What This Molecule Actually Does
Kynurenate (kynurenic acid) is a tryptophan-derived metabolite, meaning a small molecule produced when your cells process the protein building block tryptophan. It is made by a family of enzymes (called kynurenine aminotransferases) inside many tissues, including blood vessel lining cells, immune cells, skeletal muscle, heart, pancreas, and, in the brain, support cells called astrocytes.
On the nerve side, kynurenate dampens excitatory signaling by blocking NMDA receptors, the same receptors that overactive glutamate uses to damage neurons. On the immune side, it activates two receptors (GPR35 and the aryl hydrocarbon receptor) that turn down inflammation and quiet a damage-sensing complex called the NLRP3 inflammasome. Even small shifts in kynurenate can change how much glutamate, dopamine, and acetylcholine your nerves release.
Why It Matters: The Big Picture
Kynurenate sits at a fork in the road. When your body breaks down tryptophan through the kynurenine pathway, it can swing toward making kynurenate (which is calming and protective) or toward making quinolinic acid (which is excitatory and damaging). The balance, often measured as the kynurenate-to-quinolinic-acid ratio, tracks closely with how inflammation is reshaping your nervous system and metabolism.
This is not a yes-or-no number. The same molecule can be protective in one tissue and disruptive in another, which is why interpretation depends on context and trend more than a single reading.
Mood and Depression
In major depressive disorder and bipolar disorder, kynurenate in peripheral blood tends to run lower than in healthy people, and the kynurenate-to-quinolinic-acid ratio shifts toward the damaging side. In one study of adults with depression, kynurenate at a plasma cutoff of 15.48 ng/mL distinguished people with depression from healthy controls with an overall accuracy of about 82.5%.
Lower kynurenate before starting treatment has also been linked to a better response to the antidepressant escitalopram. That makes it a candidate marker not just for the presence of depression but for how someone might respond to specific therapy.
Brain Aging and Alzheimer's Disease
In a study of 416 people, those with higher kynurenic acid in their cerebrospinal fluid (the liquid that bathes the brain) had slower clinical progression of Alzheimer's disease. The interpretation is that the brain ramps up kynurenate as an adaptive, protective response, not that more kynurenate causes the disease.
Reviews of Alzheimer's, Parkinson's, and Huntington's disease consistently describe an imbalance: the brain shifts away from the protective kynurenate branch toward the more toxic quinolinic acid branch. Whether boosting kynurenate slows these diseases is still being studied.
Schizophrenia: A Counterintuitive Finding
In schizophrenia, the pattern flips. Brain levels of kynurenate are elevated, and a recent study in 184 people with first-episode psychosis found that higher serum kynurenic acid predicted poorer response to antipsychotic medication. Too much kynurenate in the wrong place appears to blunt NMDA receptor signaling enough to worsen attention and cognition.

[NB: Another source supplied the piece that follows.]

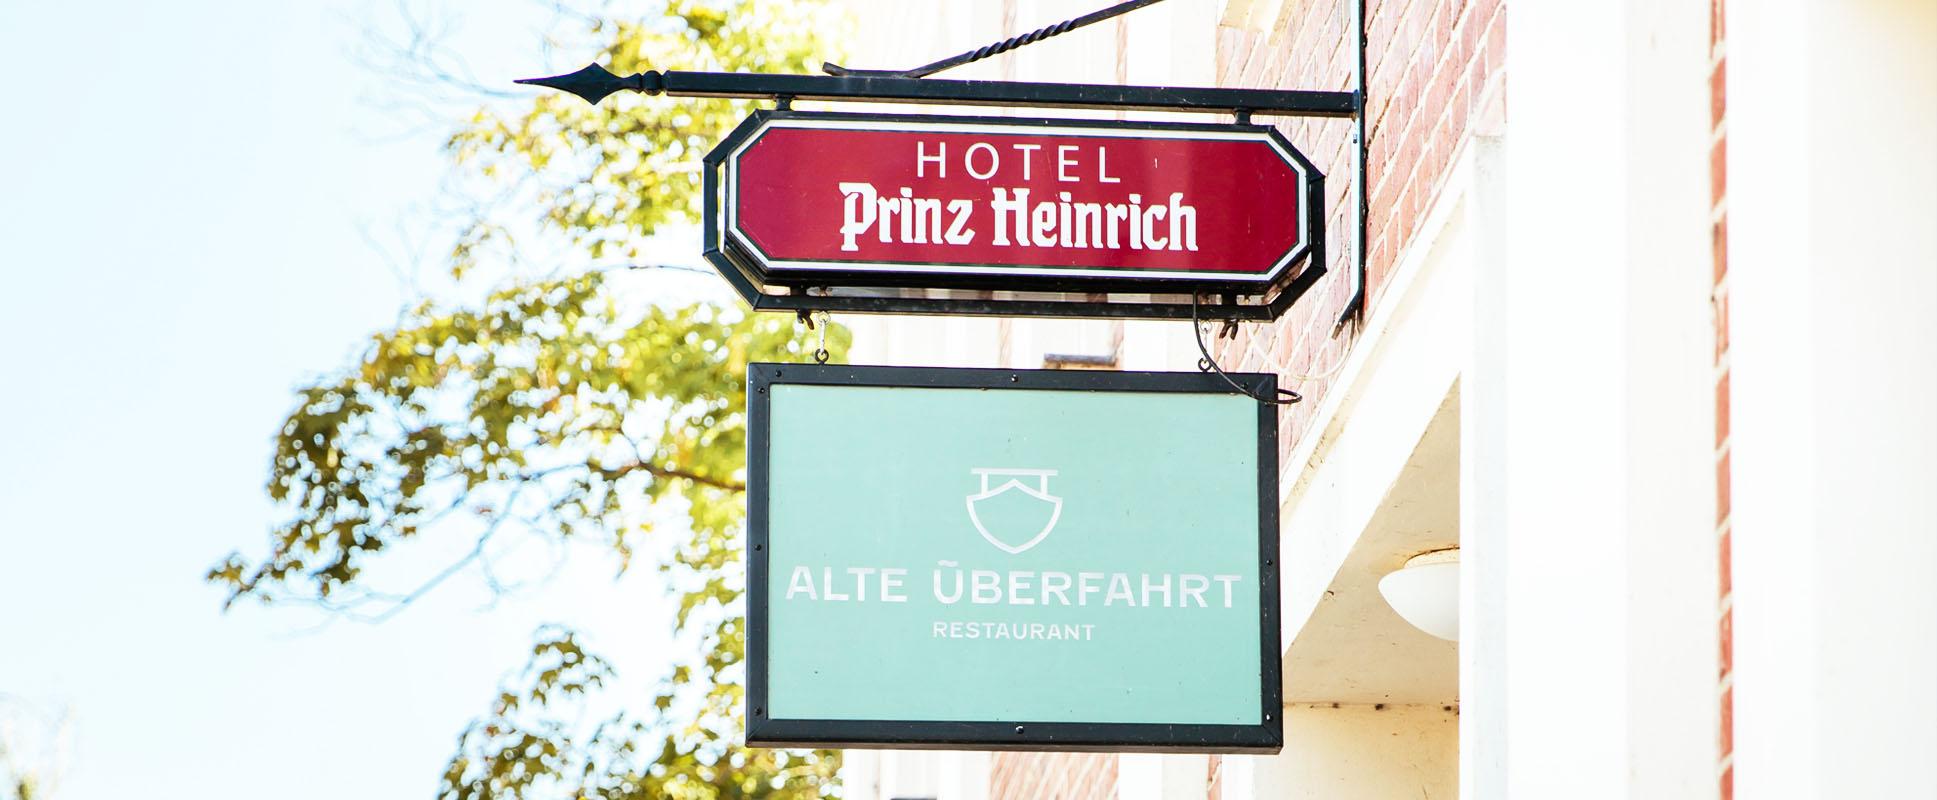 Restaurant-Hotel-Prinz-Heinrich-Werder-Havel
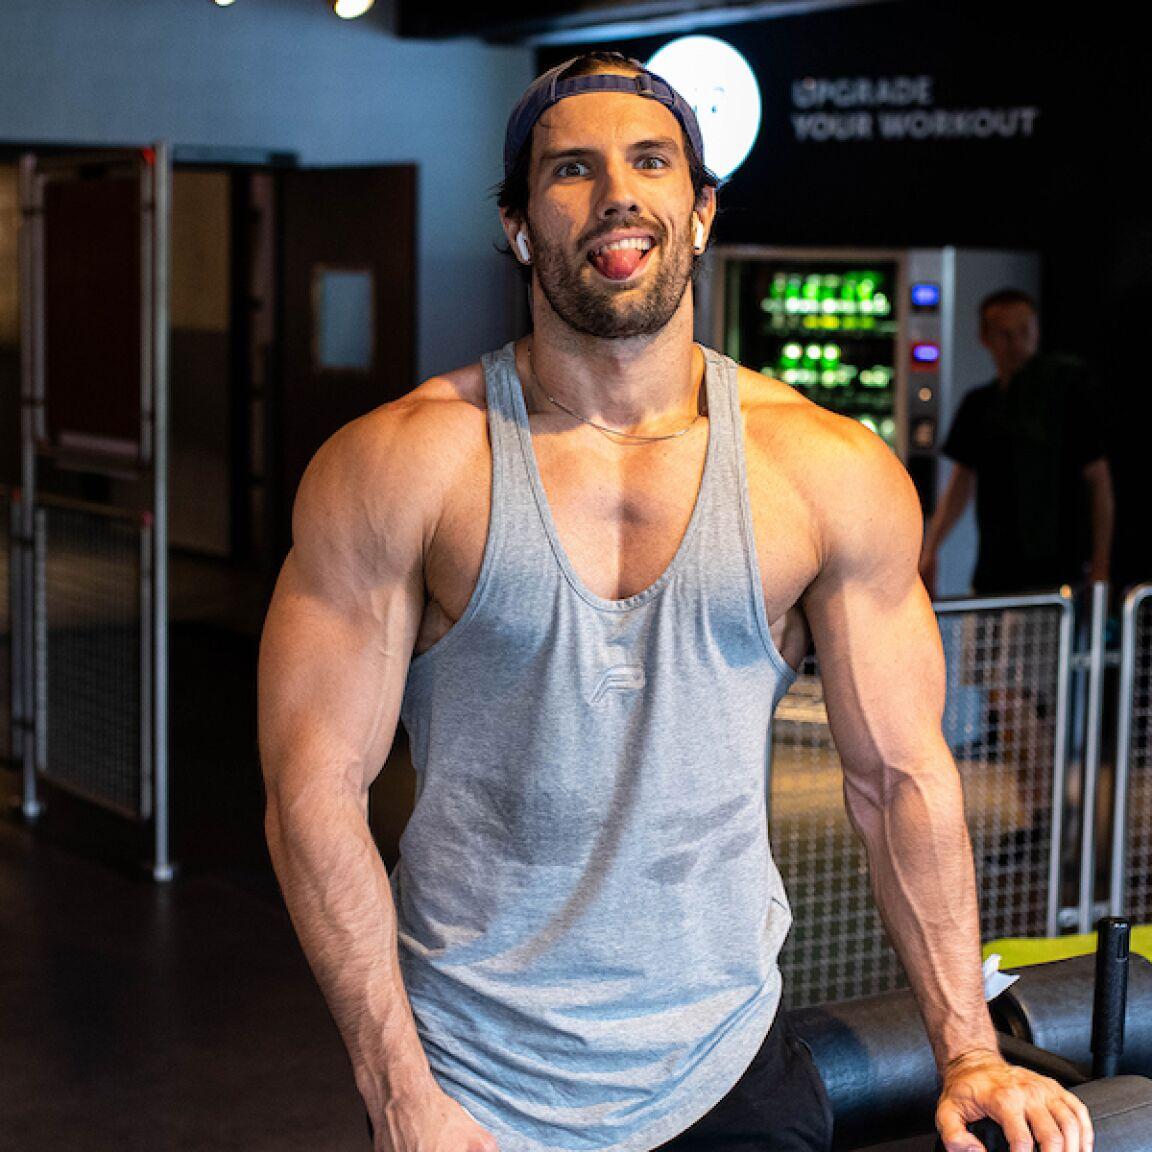 training mit muskelkater ja oder nein

This is not a paradox so much as a phenotype indicator. Kynurenate is not a simple "higher is better" or "lower is worse" marker. It signals how the kynurenine pathway is being rebalanced, and different rebalancing patterns map to different conditions. Depression and Alzheimer's tend to come with relative kynurenate deficits, while subsets of schizophrenia and psychosis come with relative excess. Reading the number requires reading the context.
Heart and Metabolic Health
The broader kynurenine pathway is active in your heart and blood vessels. In a study of people with type 2 diabetes, higher plasma kynurenic acid was associated with a slower decline in kidney function, hinting at a protective role in diabetic kidney disease. A separate study in 1,393 people with heart failure found that elevated plasma kynurenines (the broader pathway, not kynurenate specifically) predicted higher mortality.
In prepubertal children, higher plasma kynurenine pathway metabolites were associated with obesity and a worse metabolic profile, including markers of fatty liver. The pathway acts as a sensor of systemic inflammation, which is why it tracks with cardiometabolic risk.
Inflammation, Infection, and Gut Health
During severe infection, the kynurenine pathway gets switched on hard by immune signaling. In COVID-19, kynurenine above 4.82 nmol/L predicted 90-day death with 82% sensitivity and 72% specificity, and elevated levels also tracked with Long-COVID symptoms. In inflammatory bowel disease, lower intestinal kynurenate is linked to more severe colitis, and restoring kynurenate is protective in human-derived gut tissue research.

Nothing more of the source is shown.